-- YOUR TASK --
Omitting the pictures, print every line below exactly as it stands.

-- GIVEN DATA --
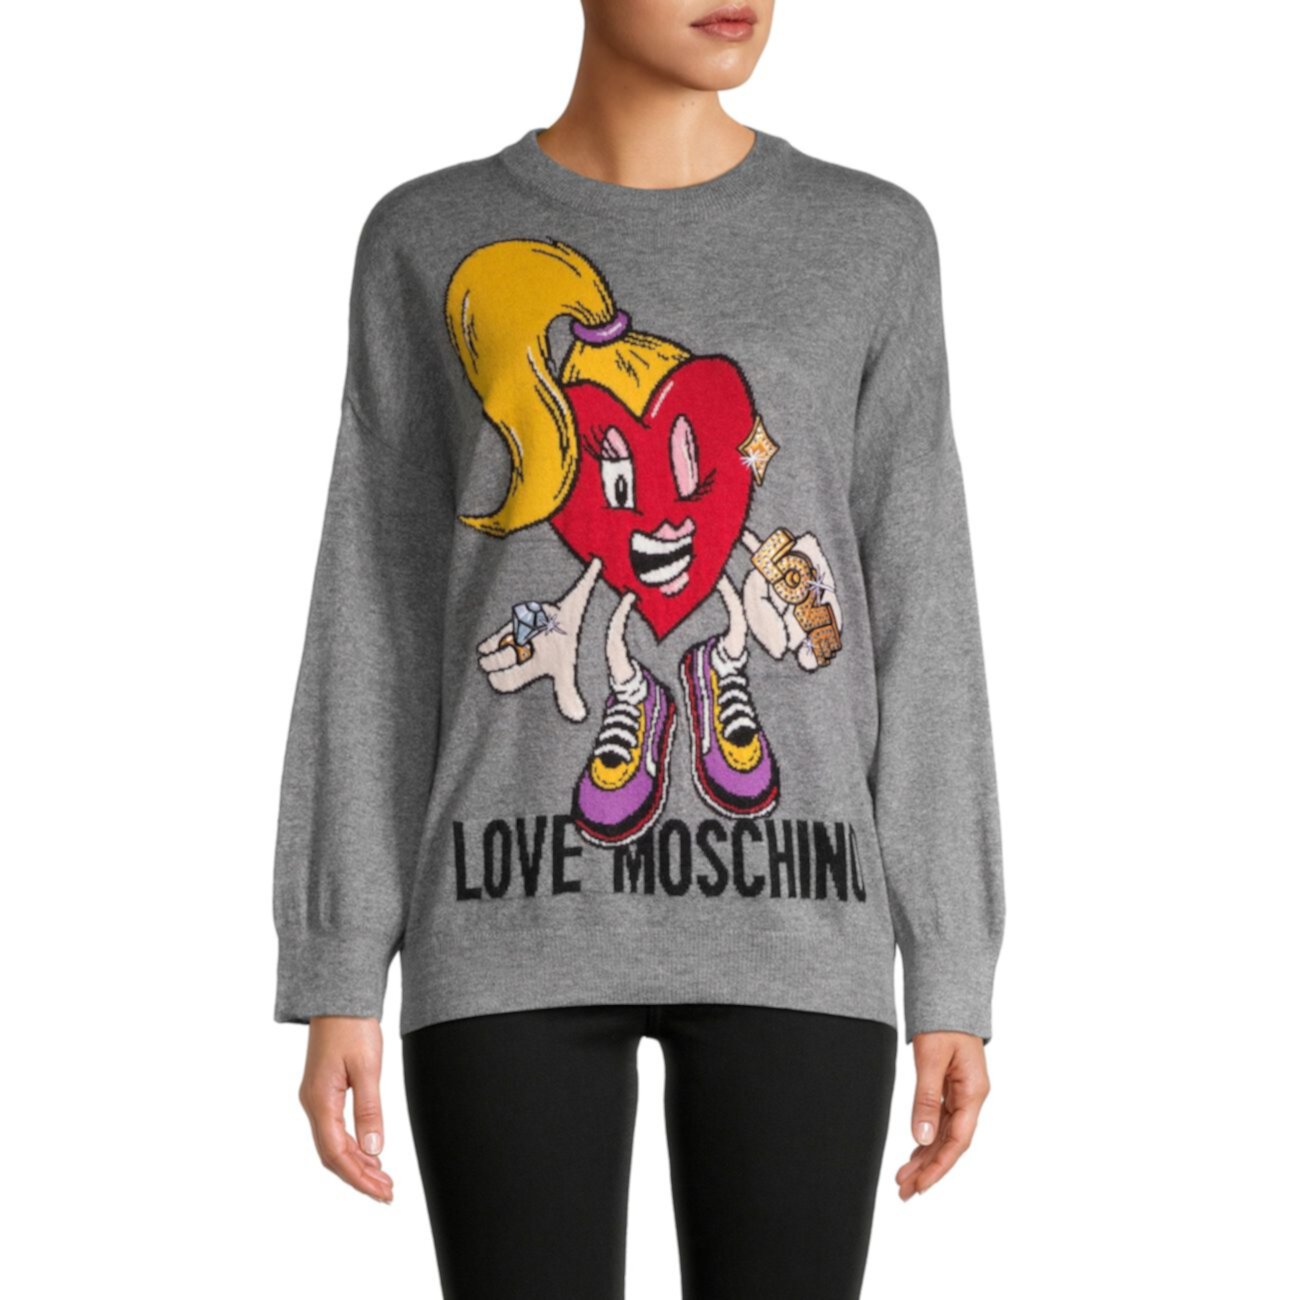 Свитер с надписью Heart Logo LOVE Moschino
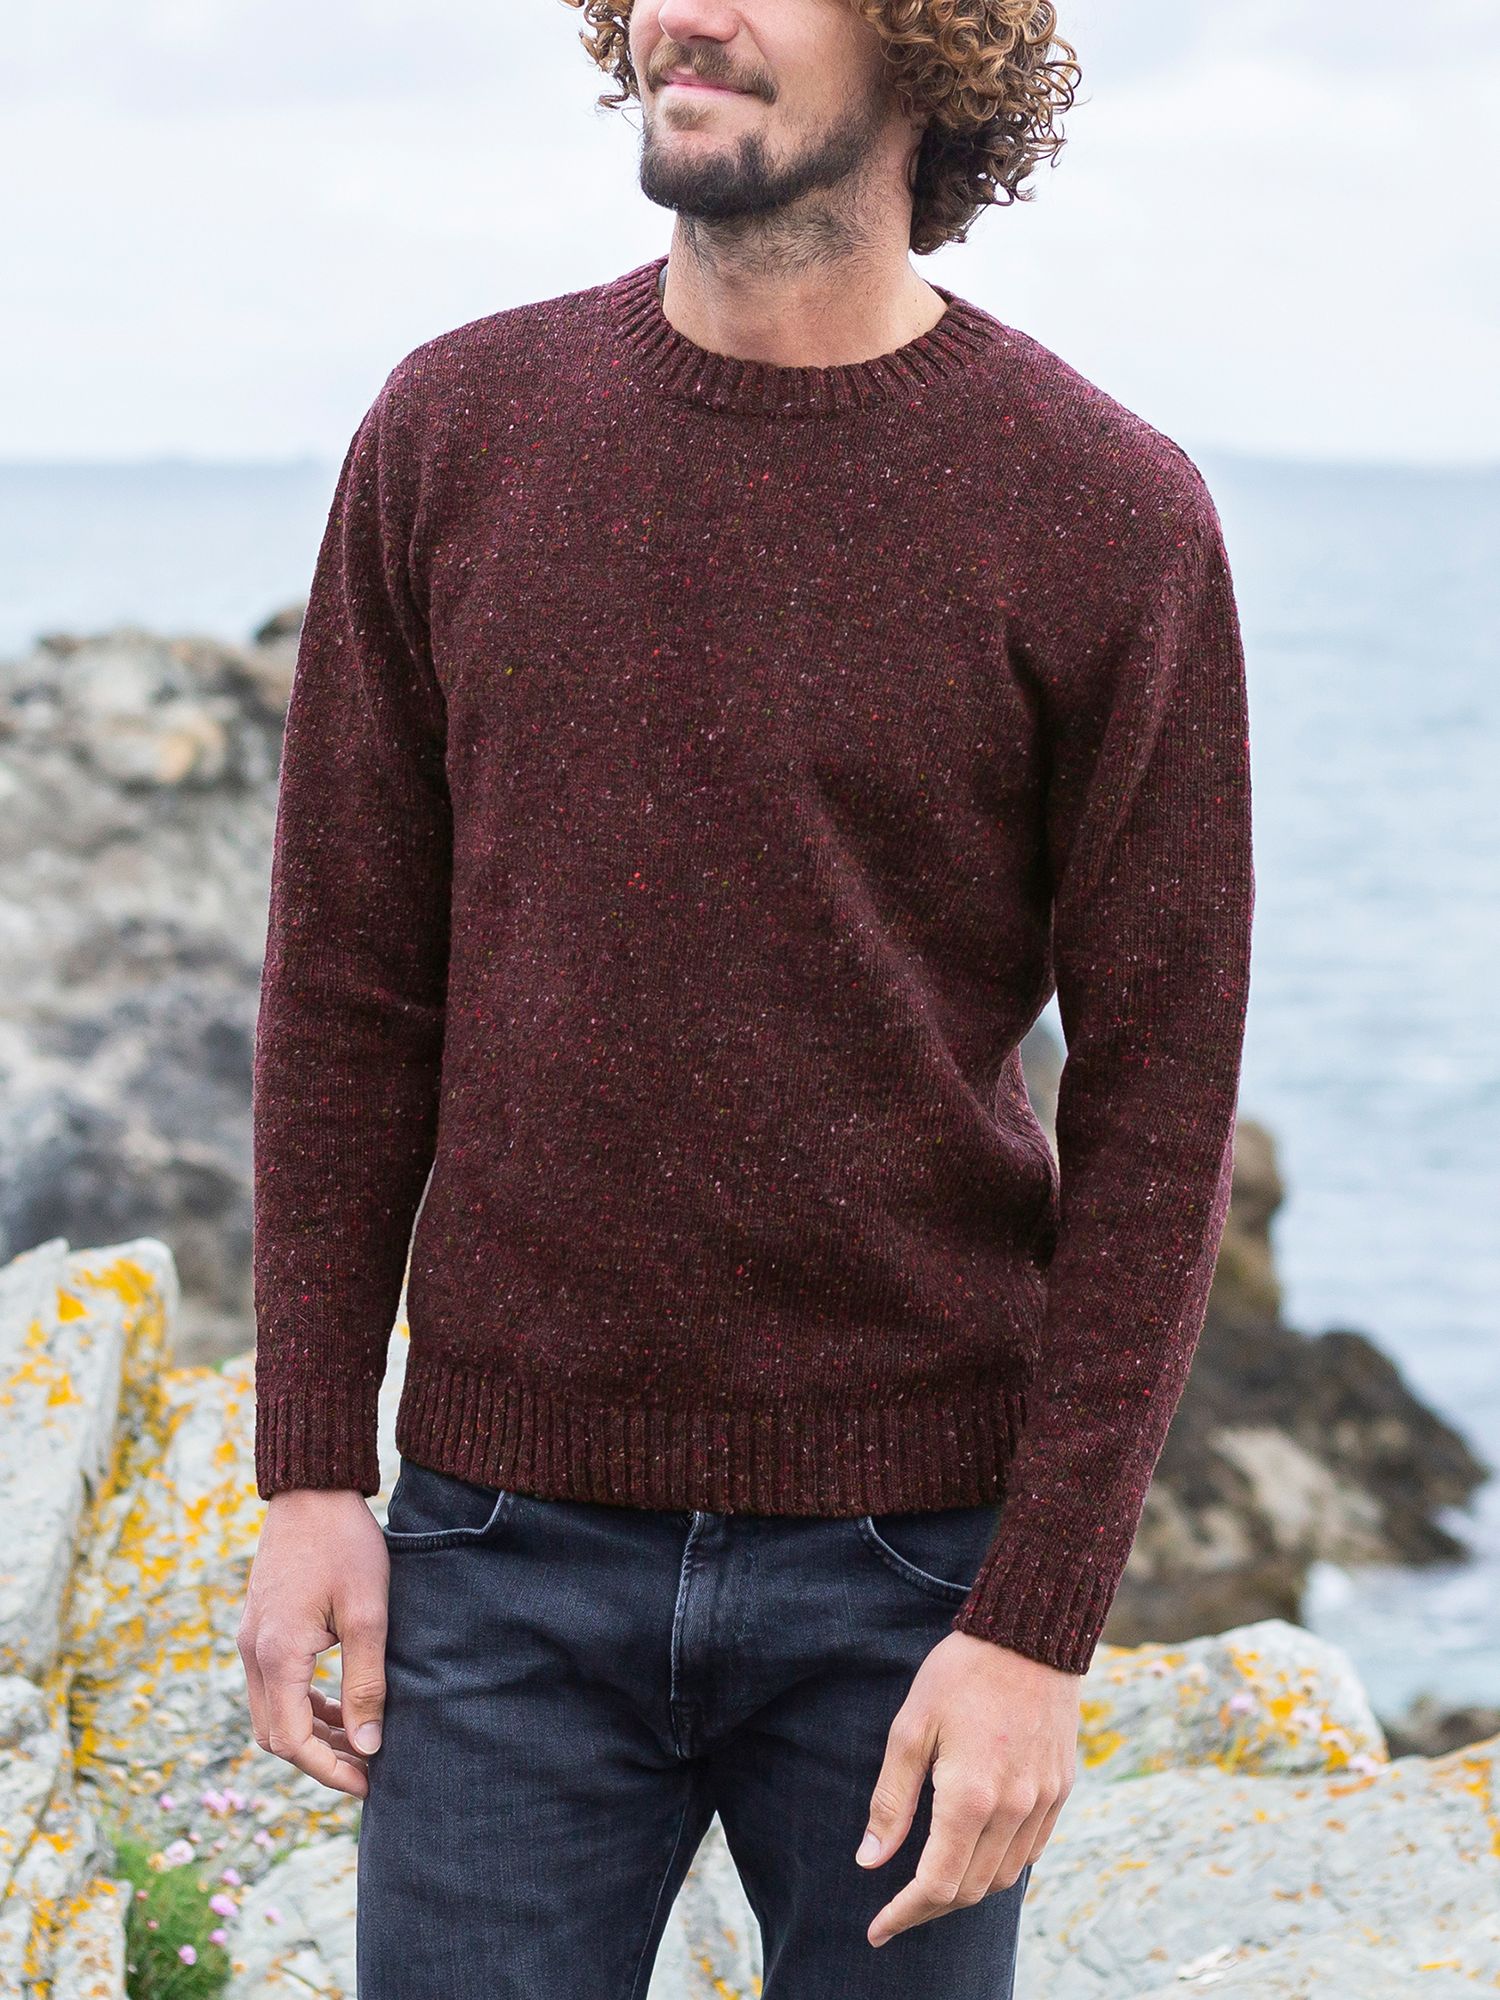 Celtic & Co. Men's Donegal Crew Neck Sweater - Indigo - X-Large
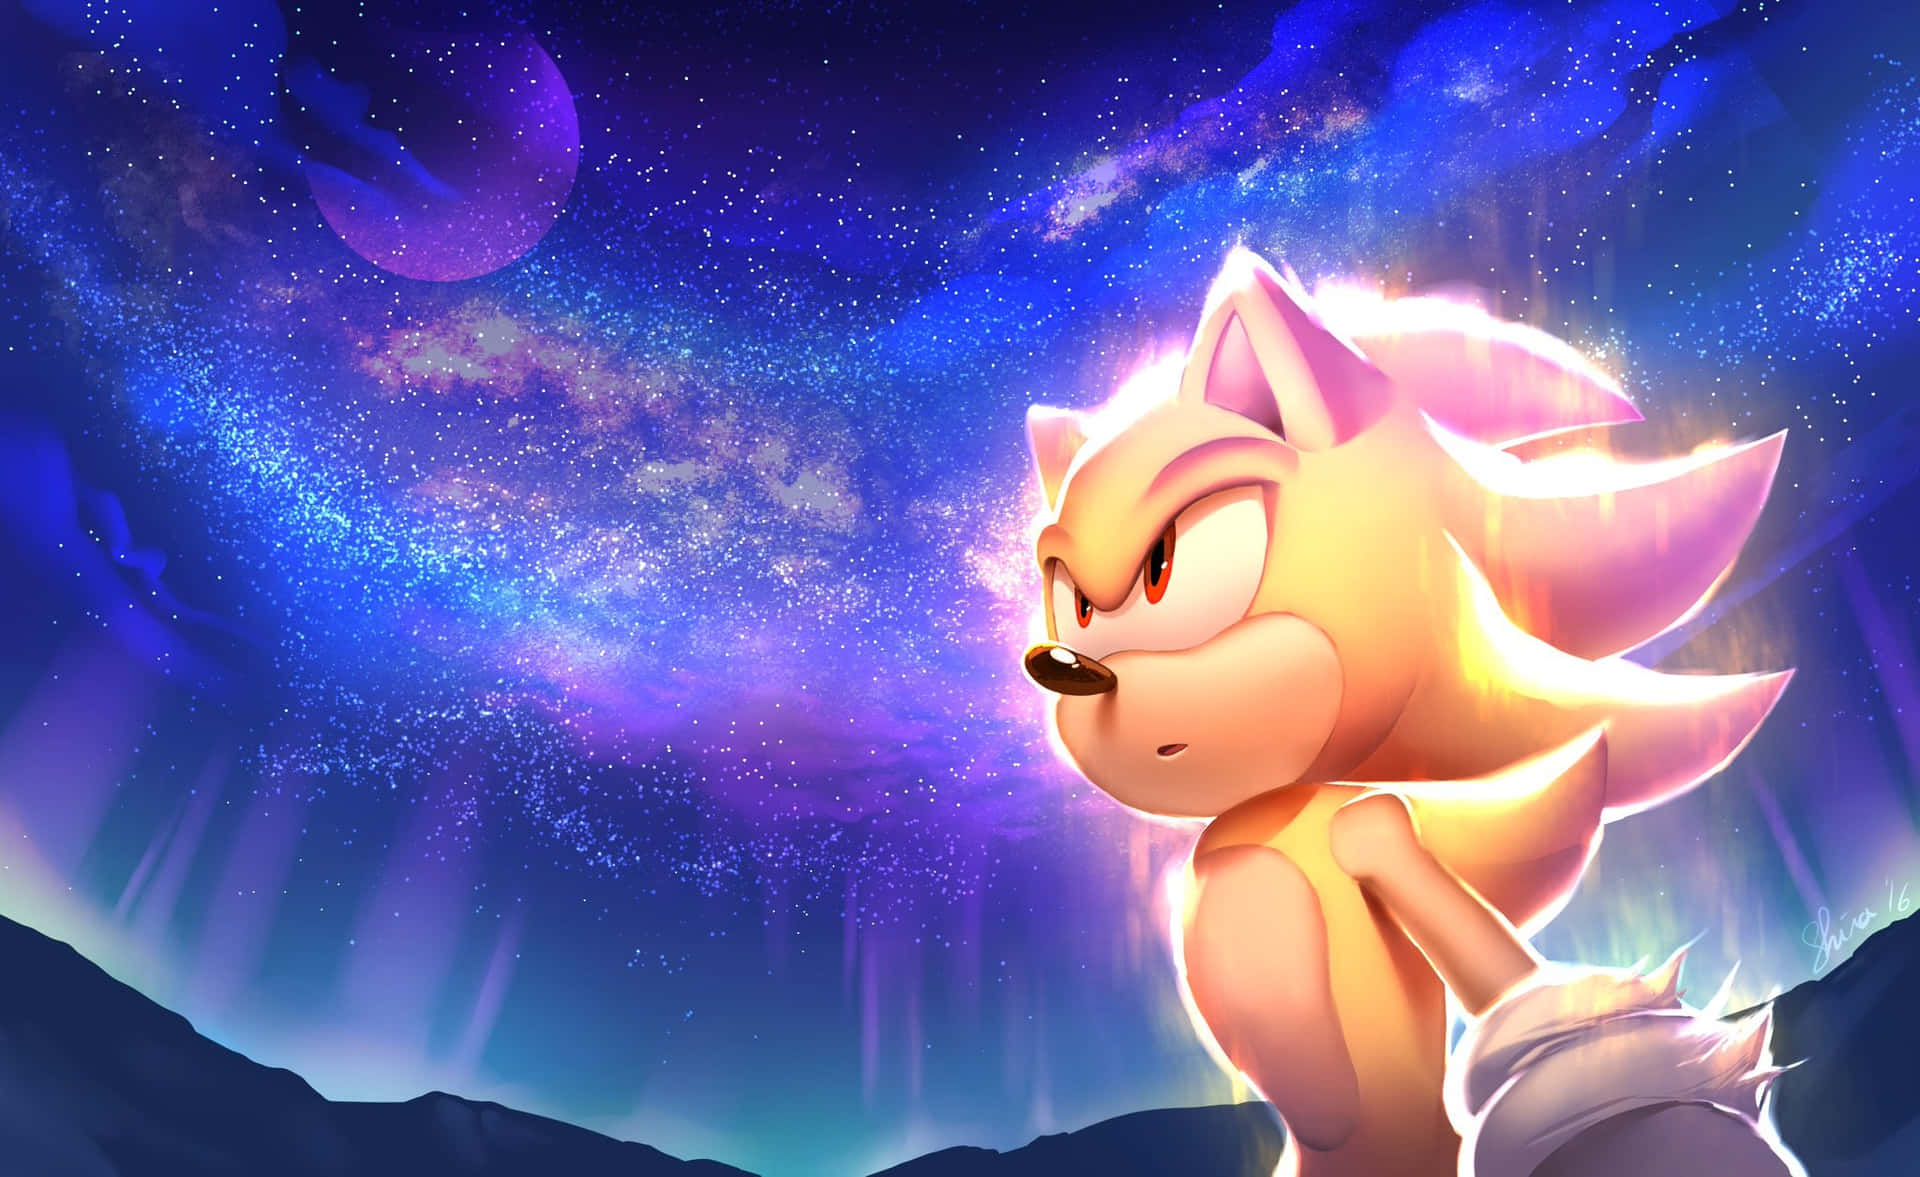 Sonic the Hedgehog Fan Art - Incredible Digital Illustration Wallpaper

-- WRITTEN SOLUTION --
 Свитер с надписью Heart Logo LOVE Moschino
 Celtic & Co. Men's Donegal Crew Neck Sweater - Indigo - X-Large
 Sonic the Hedgehog Fan Art - Incredible Digital Illustration Wallpaper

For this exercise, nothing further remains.